139 B.R. 828, 1992 U.S. Dist. LEXIS 7330, 1992 WL 107847
CourtDistrict Court, W.D. Kentucky
DecidedMay 15, 1992
DocketCiv. A. 91-0448-L(CS)
StatusPublished
Cited by40 cases

This text of 139 B.R. 828 (Pleasant Pointe Apartments, Ltd. v. Kentucky Housing Corp.) is published on Counsel Stack Legal Research, covering District Court, W.D. Kentucky primary law. Counsel Stack provides free access to over 12 million legal documents including statutes, case law, regulations, and constitutions.

Bluebook
Pleasant Pointe Apartments, Ltd. v. Kentucky Housing Corp., 139 B.R. 828, 1992 U.S. Dist. LEXIS 7330, 1992 WL 107847 (W.D. Ky. 1992).

Opinion

MEMORANDUM OPINION

SIMPSON, District Judge.

This matter is before the Court by virtue of an appeal from an order of the Bankruptcy Court dismissing, sua sponte, the appellants’ Chapter 11 petitions for lack of good faith. This matter is also before the court on the motion of appellee to dismiss the appeal upon the ground that appellants were dilatory in obtaining the transcript necessary for briefing and review of the bankruptcy court decision. The court finds nothing egregious in appellants’ actions with respect to obtaining the transcript and will therefore deny the motion to dismiss and address the merits of the appeal below.

I.

In 1985, the Kentucky Housing Corporation (“KHC”), appellee, issued bonds for the construction of low-income housing projects. The Pleasant Pointe Apartments, Ltd. and Park Tower Apartments, Ltd. (“the Partnerships”), appellants, are two limited partnerships formed for the purpose of taking advantage of the 1985 KHC bond issue. In 1986, the Partnerships completed two housing projects, one in Radcliff and the other in Henderson, Kentucky, financed with KHC money and mortgaged to KHC under first and second mortgages. [Exhibits 3A, 3B, 3D, 3E, 4A, 4B, 4D, 4E]. 1

By 1987, it became apparent that the Partnerships’ projects were not producing sufficient income to satisfy the liens or even the interest accruing on the mortgages KHC held. Through a broker, KHC contacted Associated Financial Corporation (“AFC”), a California entity owning approximately three hundred housing projects throughout the United States, to see whether it was interested in becoming involved in the Partnerships’ projects. Despite knowing about the Partnerships’ poor financial conditions, AFC was interested in becoming involved because it wanted to obtain certain tax credits from KHC. In a letter dated November 2, 1987, AFC offered to make a million dollar capital contribution to the Partnerships over a five year period in exchange for $3.2 million dollars in tax credits over a ten year period. [Exhibit 8]. The capital contribution was for mortgage interest arrearages as they existed at closing and for supplementation of the Partnerships’ cash flow over the following four years.

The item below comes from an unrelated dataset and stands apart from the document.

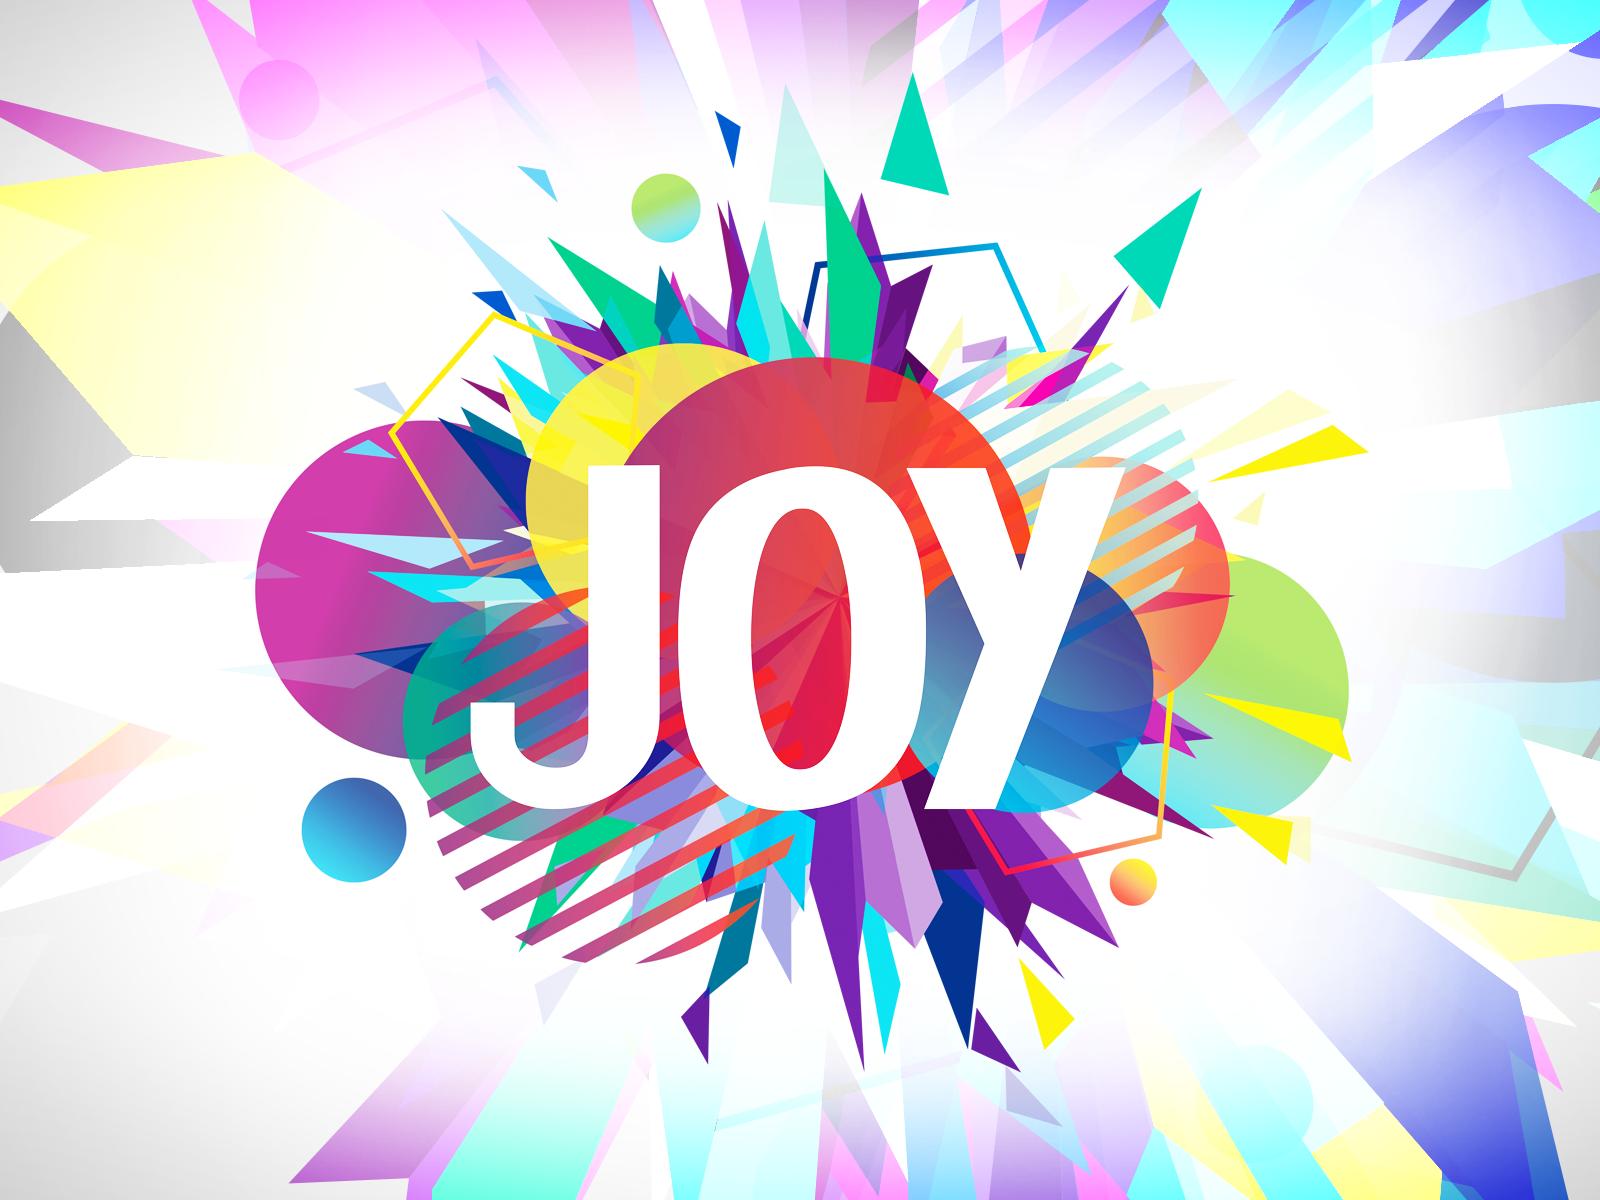 Wallpaper_Desktop_Standard_JOY.png

By letter dated November 16, 1987, KHC notified AFC that it would accept the offer consistent with the terms outlined by AFC. [Exhibit 9]. On November 24, 1987, the parties closed the deal and executed a letter agreement. The relevant terms of that agreement provided for: (1) payment to KHC of $200,000 ($100,000 per partnership) at closing toward mortgage interest arrear- *830 ages; (2) receipt by KHC, within 10 days after closing, of notes for $200,000 payable to KHC in April of 1989, 1990, 1991, and 1992; (3) modification of the first and second mortgages to provide, inter alia, for the payments to equal the net operating cash flow increased by the capital contributions and for reduced interest rates; 2 and (4) appointment of AFC as managing partner of the Partnerships’ projects and payment to AFC of a management fee.

Although KHC received the initial $200,-000 required capital contribution at the closing, it did not receive the capital contribution due in April 1989 and 1990. KHC notified the Partnerships that its failure to make those contributions, as well as other acts, constituted a default under the terms of first and second mortgages and mortgage modification agreements. On May 30, 1990, KHC initiated foreclosure actions in Hardin and Henderson Circuit Courts. In response to the state foreclosure actions, the Partnerships admitted not paying the $200,000 annual capital contribution in April 1989 and 1990, but claimed that failure was not a default according to the correct interpretation of the mortgages and modification agreements.

In October of 1990, the Partnerships filed for bankruptcy under Chapter 11, 11 U.S.C. §§ 1101-1174. In December of 1990, KHC filed motions for relief from the automatic stays imposed in connection with those Chapter 11 filings, claiming that the Partnerships were in default and KHC’s interests were not being adequately protected.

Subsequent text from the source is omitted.